PHOTOS: 2015 Veterans Day Parade
The 96th annual New York City Veterans Day parade stepped off on Fifth Avenue, moving from 26th Street up to 52nd Street. This year the parade marks the 70th anniversary of the end of World War II and the 25th anniversary of Desert Shield.
Grand marshal Robert Morgenthau started things off with a straightforward request at the parade's opening ceremony in Madison Square Park, CBS2's Diane Macedo reported.
"Let's make sure that the veterans of today receive the same support that we received," Morgenthau said.
The World War II veteran and former Manhattan district attorney also shared some life lessons he learned in battle.
"Look for the best in everybody, another was to never trust an expert," Morgenthau said.
De Blasio noted that New York City's veteran community is made up of more than 200,000 vets, some of whom are unemployed, 1010 WINS' Mona Rivera reported.
"Hire a veteran. It makes all the difference," the mayor said. "Or hire a veteran's spouse because that family needs that help and that opportunity."
The ceremony also included a moment of prayers and the singing of the national anthem. It ended with a wreath ceremony to commemorate the end of World War I, at the 11th hour on the 11th day of the 11th month.
As CBS2's Vanessa Murdock reported, the parade is a very emotional one for many.
"It's a little bit of joy because I get to celebrate with my brothers and it's little bit of sadness because you remember all the people that you've served with," said Marine Master Sgt. Robert Piper. "Over the years we've all lost friends or family members."
"It's Veterans Day, if you get a chance hug a vet and say thank you," said Army veteran Ken Smith.
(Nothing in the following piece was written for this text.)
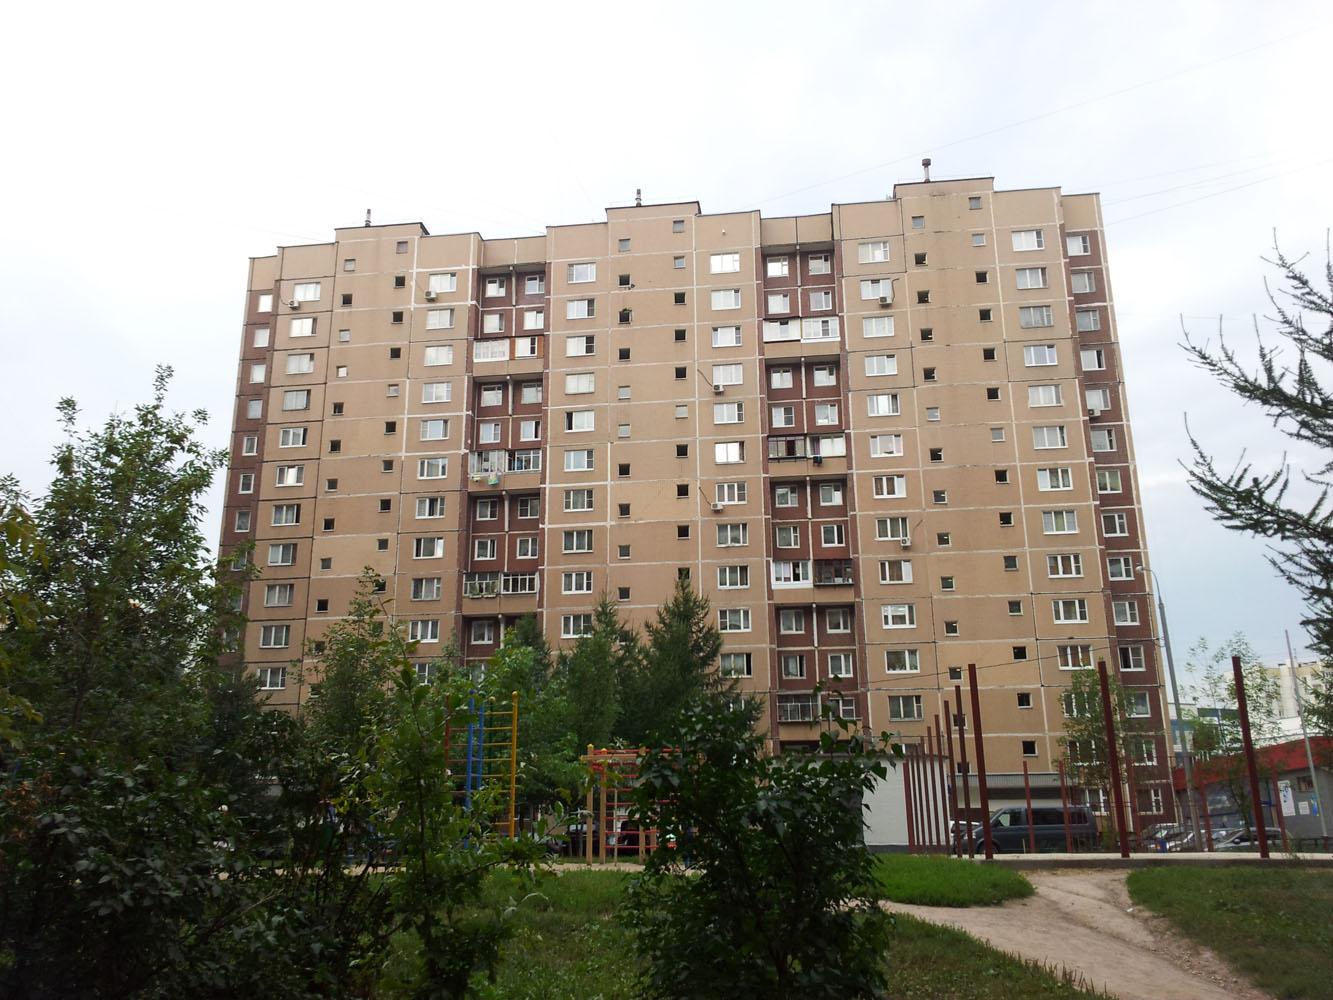 Цены на отделку балконов и лоджий в домах серии п-46м.
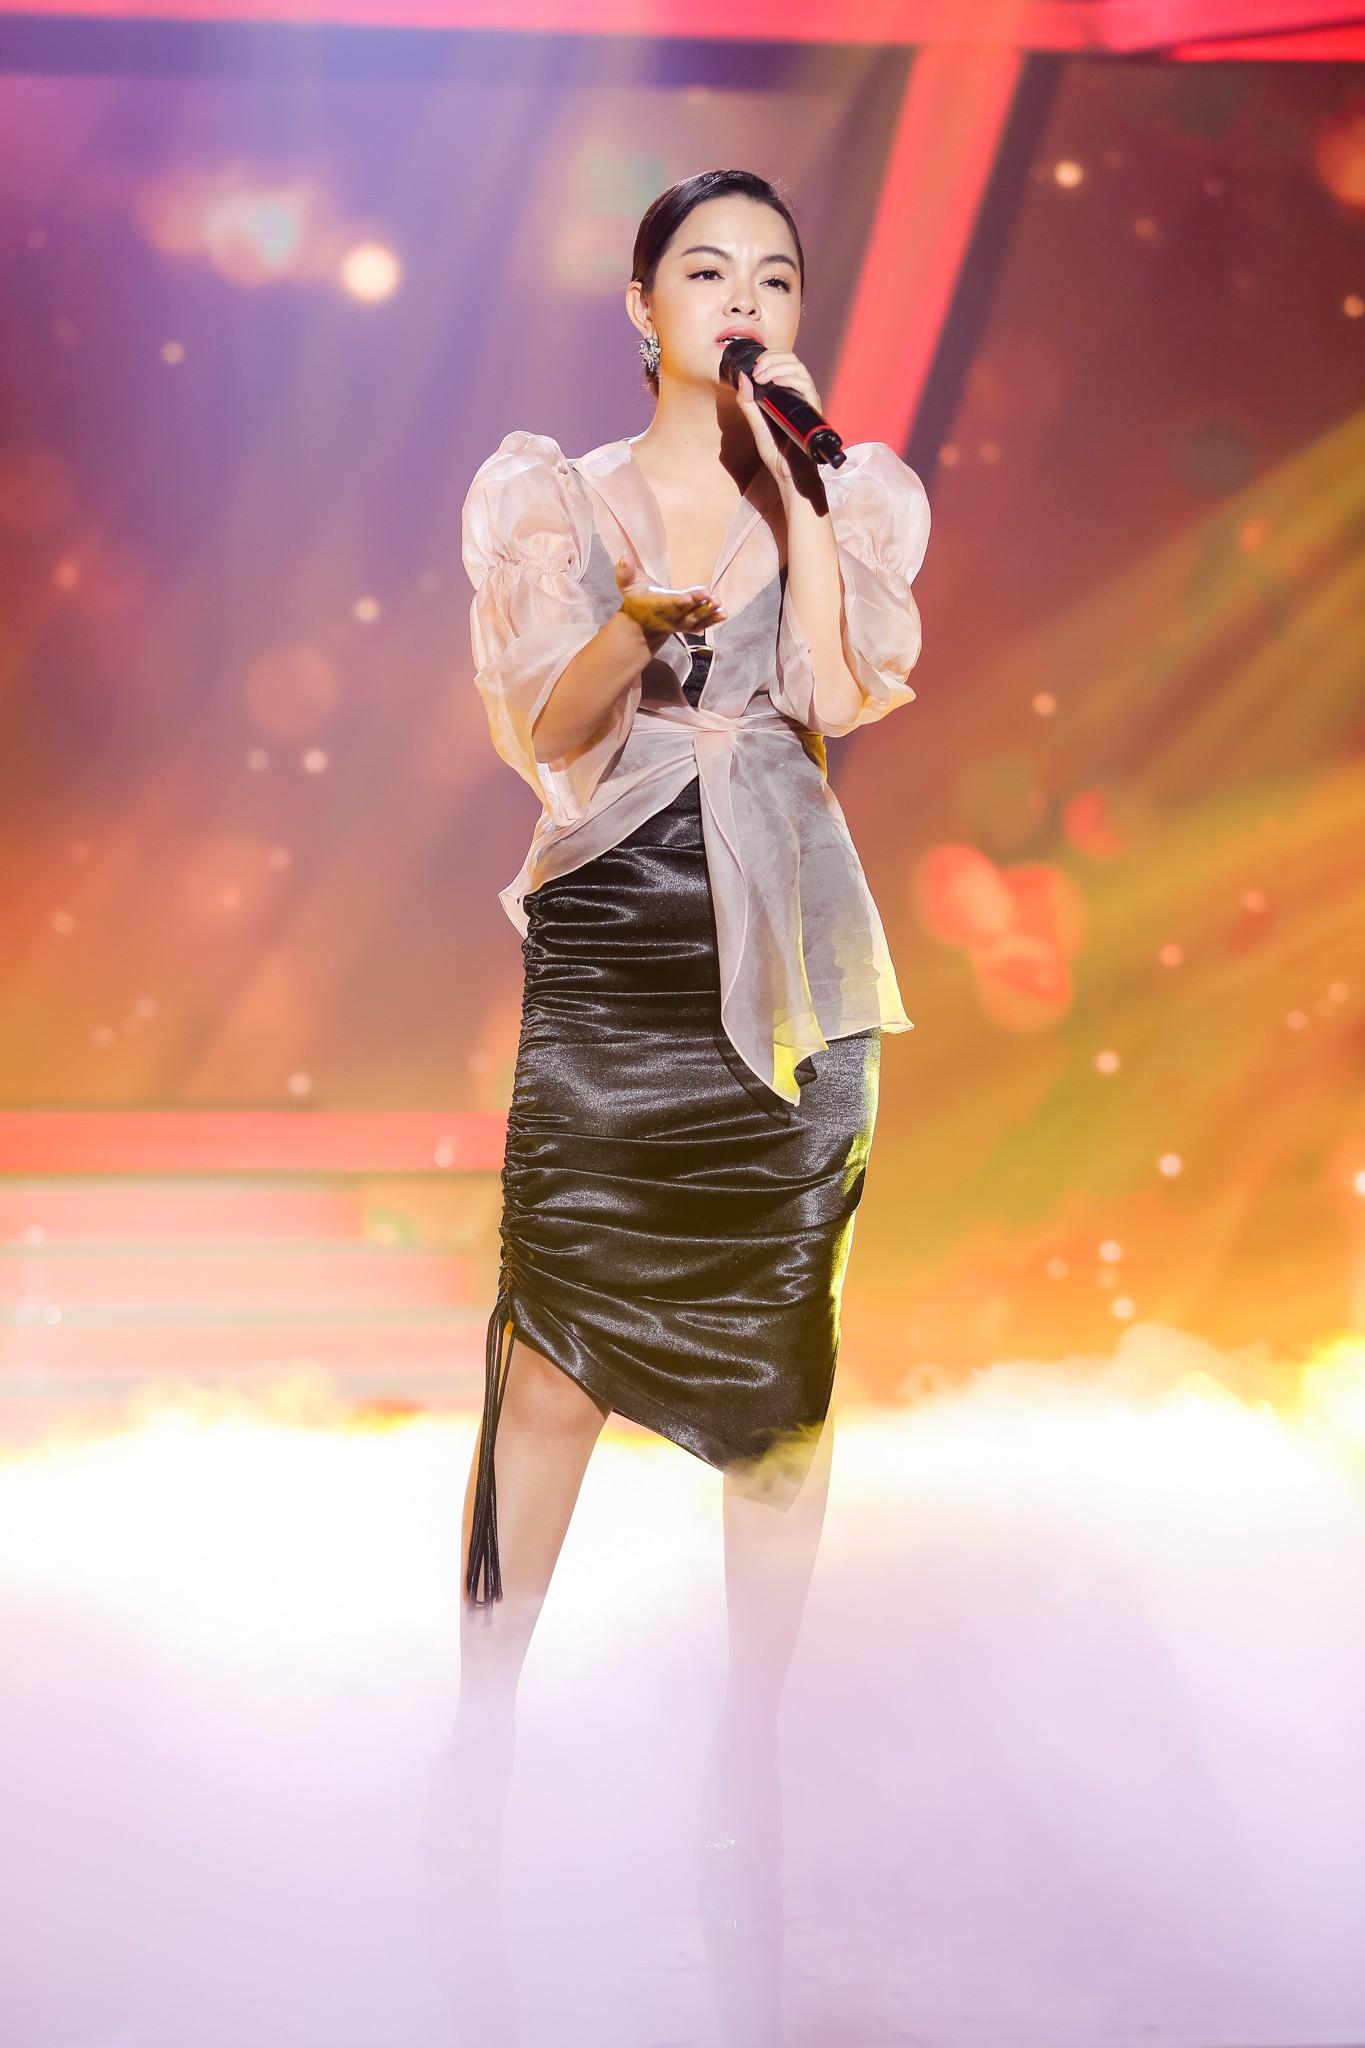 Lịm tim với màn hát live cực hay của Quang Linh - Phạm Quỳnh Anh - Ảnh 4.

Organizers say this year the parade featured more than 250 groups including veterans from all conflicts since World War II. Every year the parade spotlights a specific branch of the military; this year it's the Navy.
"I'm going on my 41st year in the Army," U.S. Military Academy Superintendent Lt. Gen. Robert Caslen said."When you start hanging around these young men and women who are coming into the Army and are so excited you know that our military is going to be in great hands."
Opportunities to reflect were found around the city, CBS2's Maurice DuBois reported. At the Intrepid Sea, Air and Space Museum, two wreaths were laid in the Hudson River to honor veterans and former crew members of the World War II aircraft carrier.
At the 9/11 Memorial, yellow roses were left to honor each veteran killed in the attacks of Sept. 11, 2001, in a a quiet tribute to servicemen and women who will never be forgotten.
And on Long Island, police officers with the Nassau County Police Department extended a helping hand to those who served.
Cops converged on the Stop & Shop supermarket in Massapequa to collect food donations for military veterans, WCBS 880's Mike Xirinachs reported.
"Frozen turkeys, canned goods for the veterans during the holiday season," said Det. Chris Milori.
It's estimated some 3 million veterans across the nation are in need of food assistance, and volunteer and attorney Milan Rada said that's not right.
"It's inconceivable that we have veterans that are homeless, veterans that are hungry," Rada said.
Island Harvest will assist the department in getting the food to veterans.
In Paterson, New Jersey, a 22-year-old local soldier killed in a training exercise last month will be honored during an emotional ceremony.
President Barack Obama placed a wreath at the Tomb of the Unknowns at Arlington National Cemetery honoring those who made the ultimate sacrifice for our freedom.
Dozens of restaurants offered free meals to veterans and those on active duty.
Applebee's offered a free dine-in entree from a special menu. Items included the American Standard burger and Fiesta Lime chicken.
At Denny's, those with a valid military ID received a free Grand Slam breakfast until noon.
Participating IHOP locations served a free stack of red, white and blue pancakes from 7 a.m. to 7 p.m.
Beverages and gratuities on the free meals were not included, unless noted.
All U.S. Post Offices and New York City public schools were also closed. On Wall Street, the bond market was closed but the stock market remained open.